Жолнерович на минуту задумался, а затем раздраженно ответил:
— Жалко мне вас, боец, понимаешь?! Просто по человечески жалко! С Вакуличем ты и в самом деле можешь в госпиталь вообще не попасть. Ладно — если я твои документы найду, то захвачу с собой — мне двух человек из бригады нужно в хирургию везти.
Игорь ожидал оглашения результатов поиска.
— Что-то пока нет. Фельдшер!
— Я.
— Посмотри в шкафу, фамилия Ти…
— Тищенко, — подсказал Игорь.
— Фамилия — Тищенко.
Книжку все же удалось отыскать.
Пришли оба больных из бригады, и теперь оставалось лишь подождать козелок.
— Правда, я тебе ничего не гарантирую — с местами там тяжело. Но, может быть, что и получится, — пояснил Игорю Жолнерович.

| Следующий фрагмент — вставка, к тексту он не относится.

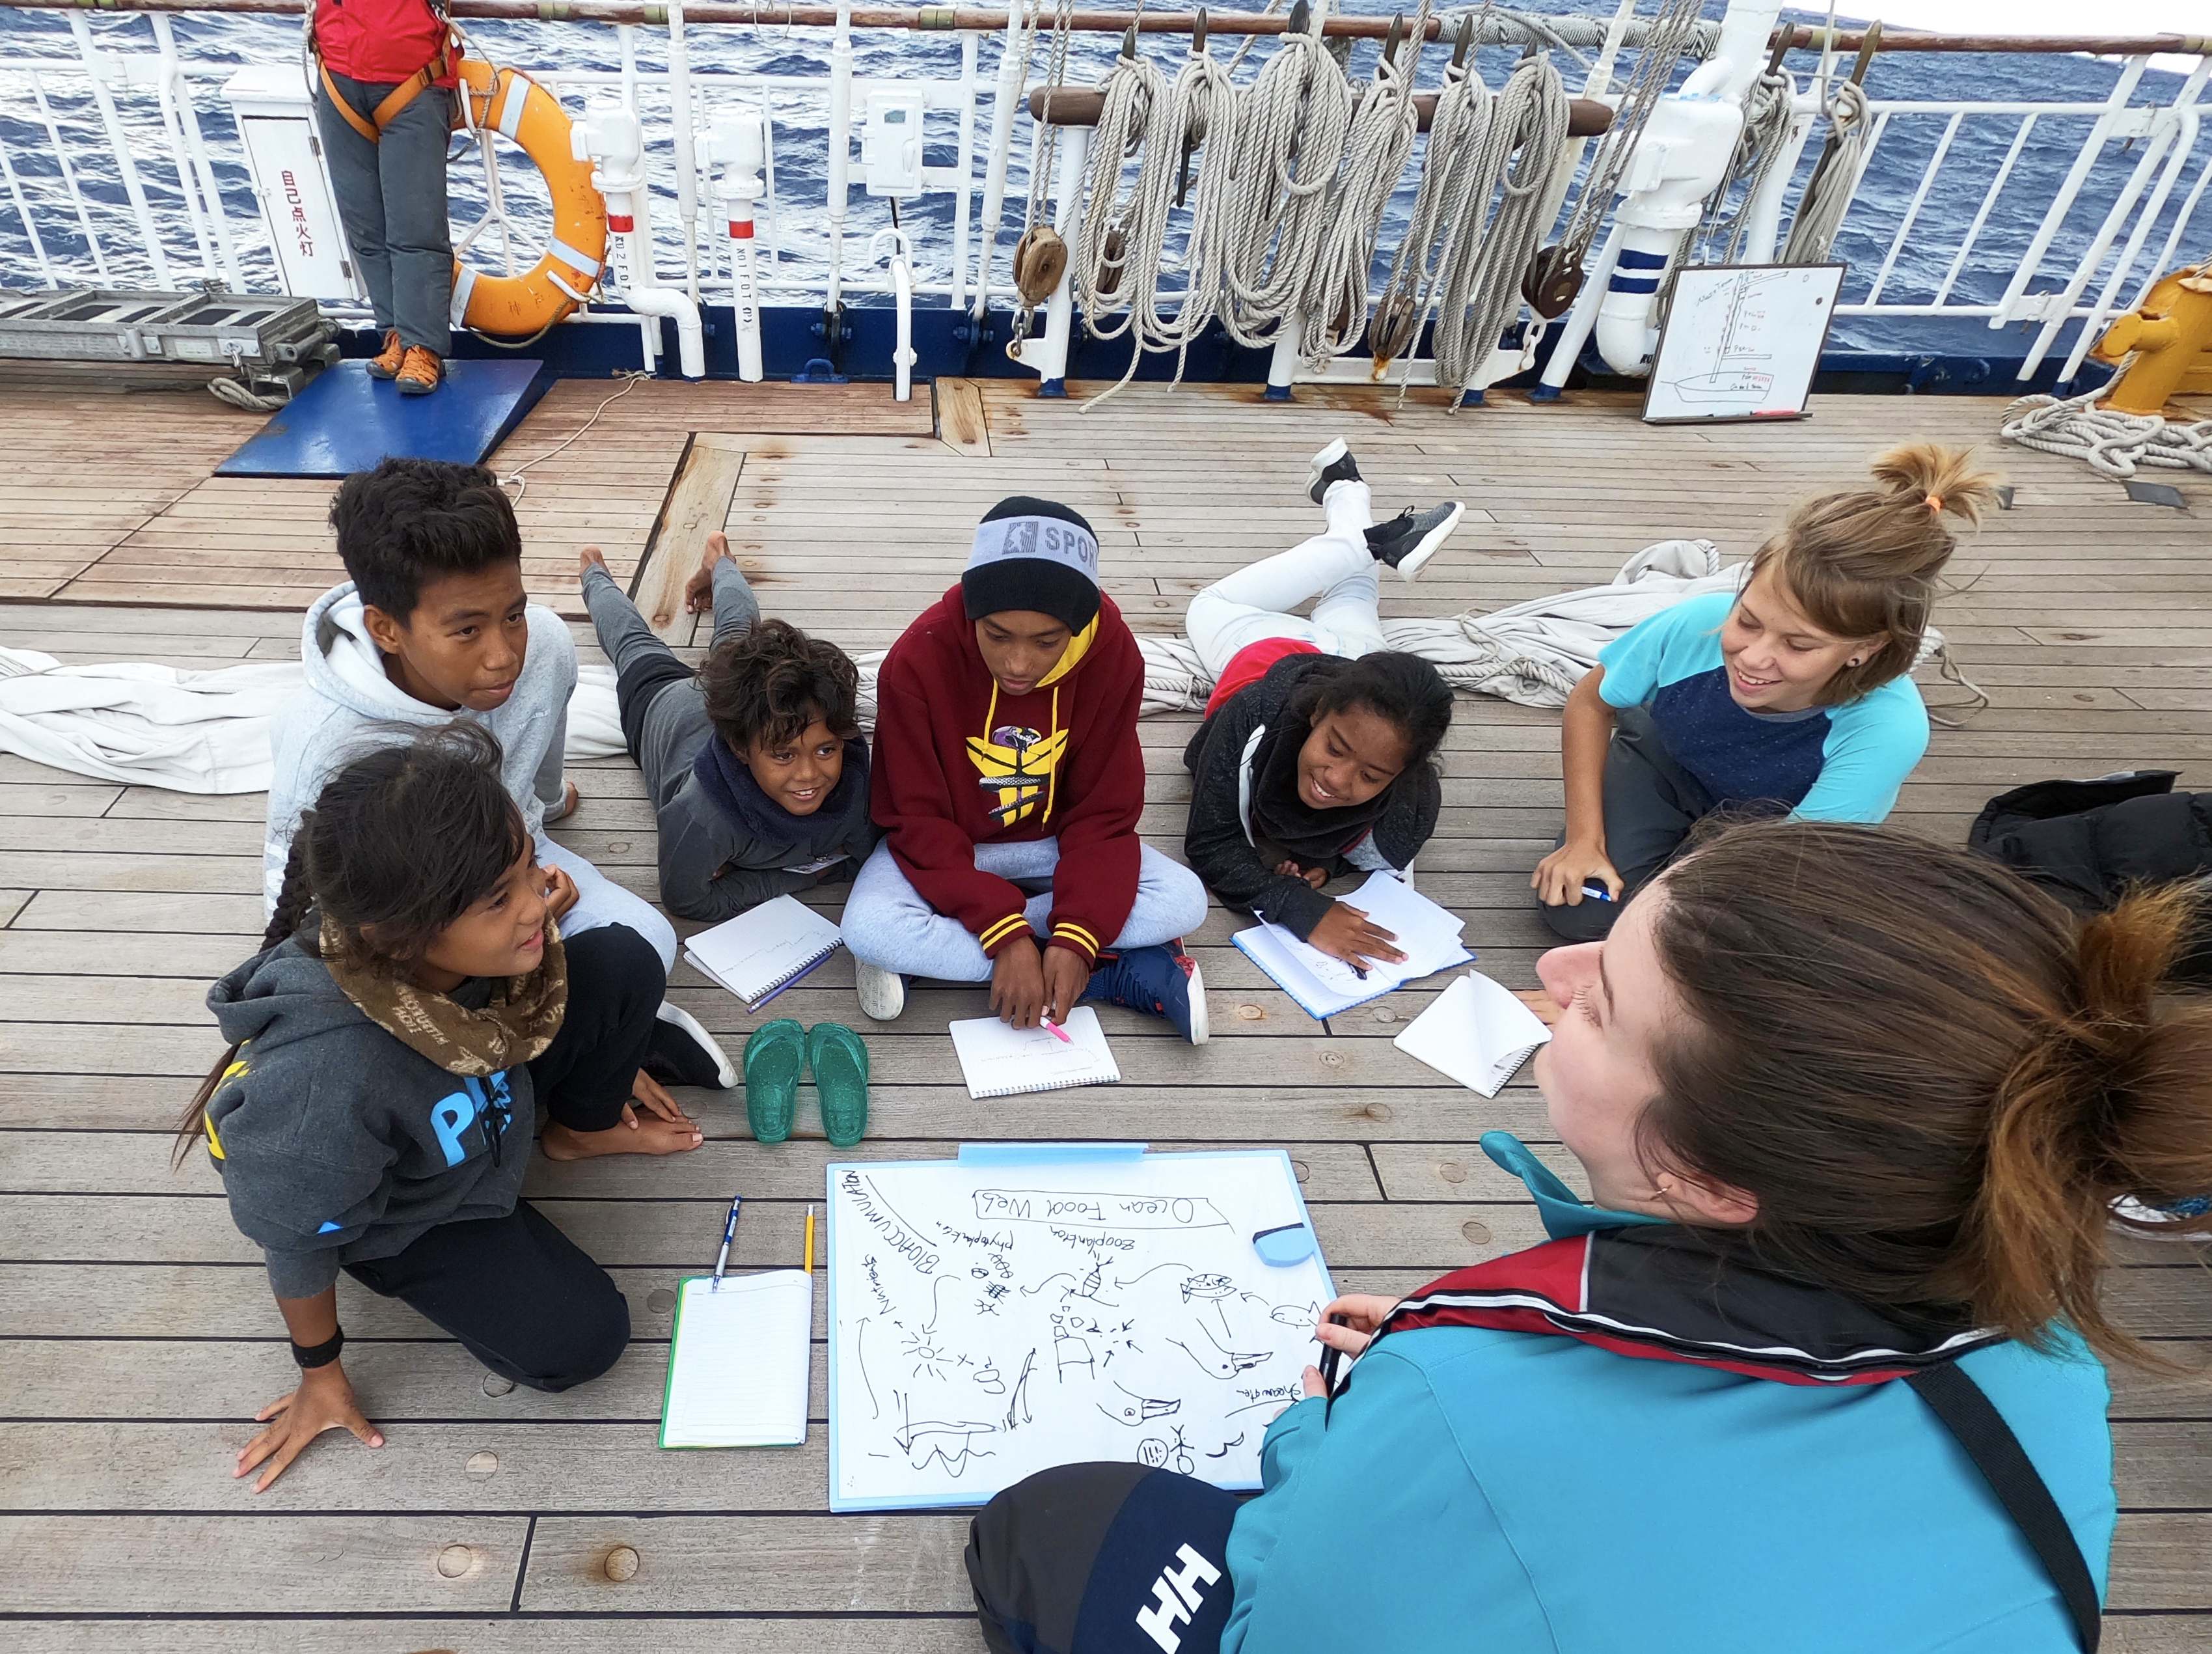 Holly, ocean literacy lead of the team, teaching marine conservation to Palau Youth on ship deck.

Капитан позвонил в парк и по разговору Игорь понял, что козелок приедет через полчаса. Тищенко надоело сидеть в полутемной санчасти, и он вышел на освещенное утренним солнцем крыльцо. День выдался погожим и теплым. «Может, в учебный центр сходить и попрощаться со взводом? А вдруг назад приеду — потом засмеют! Нет, не стоит», — подумал Игорь и ощутил, что в глубине души он не очень-то опечален предстоящим расставанием. «Жалко будет с Лупьяненко и Туем расставаться, ну, может быть, еще с Сашиным и Доброхотовым… А с остальными… А с остальными все равно! Во всяком случае, с Резняком точно расставаться не жалко», — думал Игорь, глядя на лениво кружащиеся багряно-красные листья, потихоньку слетающие с росшего рядом с санчастью большого, раскидистого клена. Пробегая взглядом по столовой и складам, Игорь день за днем вспоминал три с лишним месяца, проведенные в части. Гражданская жизнь и институт казались такими далекими, словно после призыва прошло не меньше двух лет.
Подъехал козелок. Из санчасти вышел Жолнерович, сказал Игорю садиться в машину, а сам вновь скрылся за дверью. Вскоре он вышел оттуда в сопровождении какого-то прапорщика и двух младших сержантов из бригады с перевязанными руками.
— Давай после госпиталя в ЦУМ заедем? — попросил прапорщик.
— Давай, все равно время будет, — согласился Жолнерович.
Заурчав, козелок тронулся с места, проехал мимо столовой и учебного центра. Игорь взглянул на окна, за белой краской которых был скрыт от посторонних любопытных взглядов второй взвод.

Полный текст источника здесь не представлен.